SEOUL (AFP) - South Korea's central bank on Thursday (June 9) cut its key interest rate to a record low 1.25 per cent in a surprise move to address concerns over the impact of corporate restructuring on the sluggish economy.
The Bank of Korea lowered the policy rate by 0.25 percentage points, marking the first rate cut in 12 months.
There had been little hint of a cut, with the bank widely expected to maintain its wait-and-see mode amid what it has called minor signs of improvement in Asia's fourth-largest economy.
But mounting concerns over the negative impact on consumption from layoffs sparked by ongoing corporate restructuring, particularly in shipyards, apparently forced the bank's hand.

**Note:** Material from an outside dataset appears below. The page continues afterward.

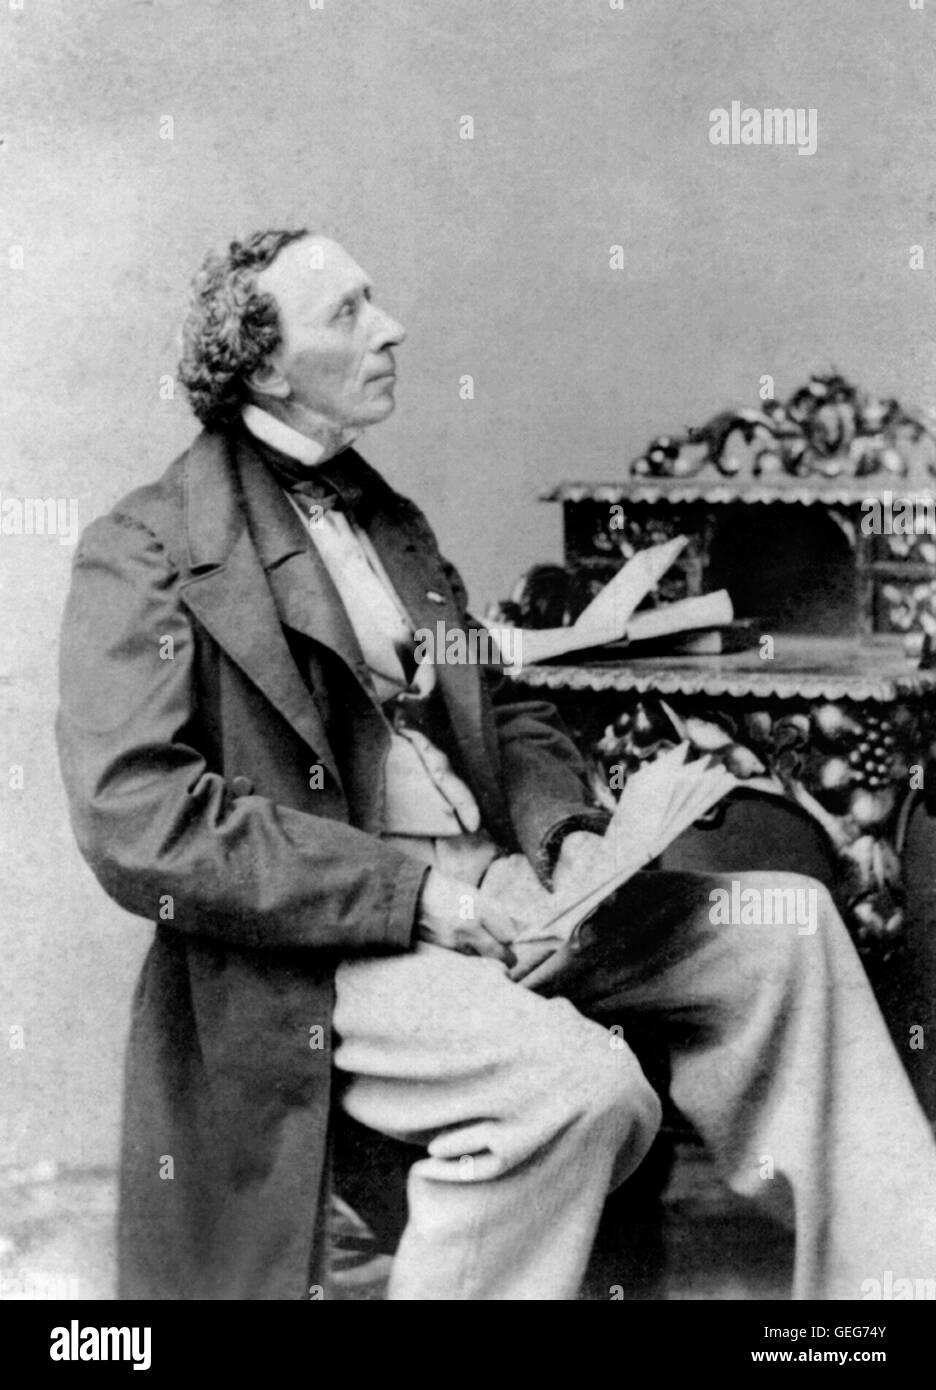 Hans Christian Andersen (1805-1875), l'auteur danois célèbre pour ses contes de fées. Photographie Photo Stock

The cut also came after Federal Reserve chair Janet Yellen hinted at a more gradual rise in US key rate earlier this week, dampening expectations for a hike in the foreseeable future.
The bank's monetary policy board forecasts that the local economy will sustain its "trend of modest growth going forward" but that the "downside risks" have expanded, the bank said in a statement.
Momentum for economic recovery, which was already weak, recently further ebbed, with production, investment and consumption all in the doldrums.
"Exports have continued their trend of decline and the improvements in domestic demand activities such as consumption have weakened, while the sentiments of economic agents have also been sluggish", the bank said.
First quarter GDP growth rate was up a mere 0.5 percentage point from the previous quarter, the lowest since the second quarter of last year when consumption was battered by a Mers outbreak.
Facilities investment fell 7.1 per cent on-quarter, the first negative growth in two years.
South Korea's giant shipbuilders have announced plans to sell assets and cut jobs to reduce debt.
The government and the central bank on Wednesday announced a plan to create a US$9.5-billion fund to help recapitalise policy banks and ease the chilling impact on the financial market from corporate restructuring.
Finance Minister Yoo Il-Ho said Thursday that slumping exports, which fell six per cent on-year in May, could put further restraint on facility investment and other domestic demand sectors.
He blamed over-supply, excessive regulation and weakening competitiveness for the country's economic woes.
"The cure for reactivating the economy is only to be found in thorough corporate restructuring and industrial reform," he said at a meeting of cabinet ministers.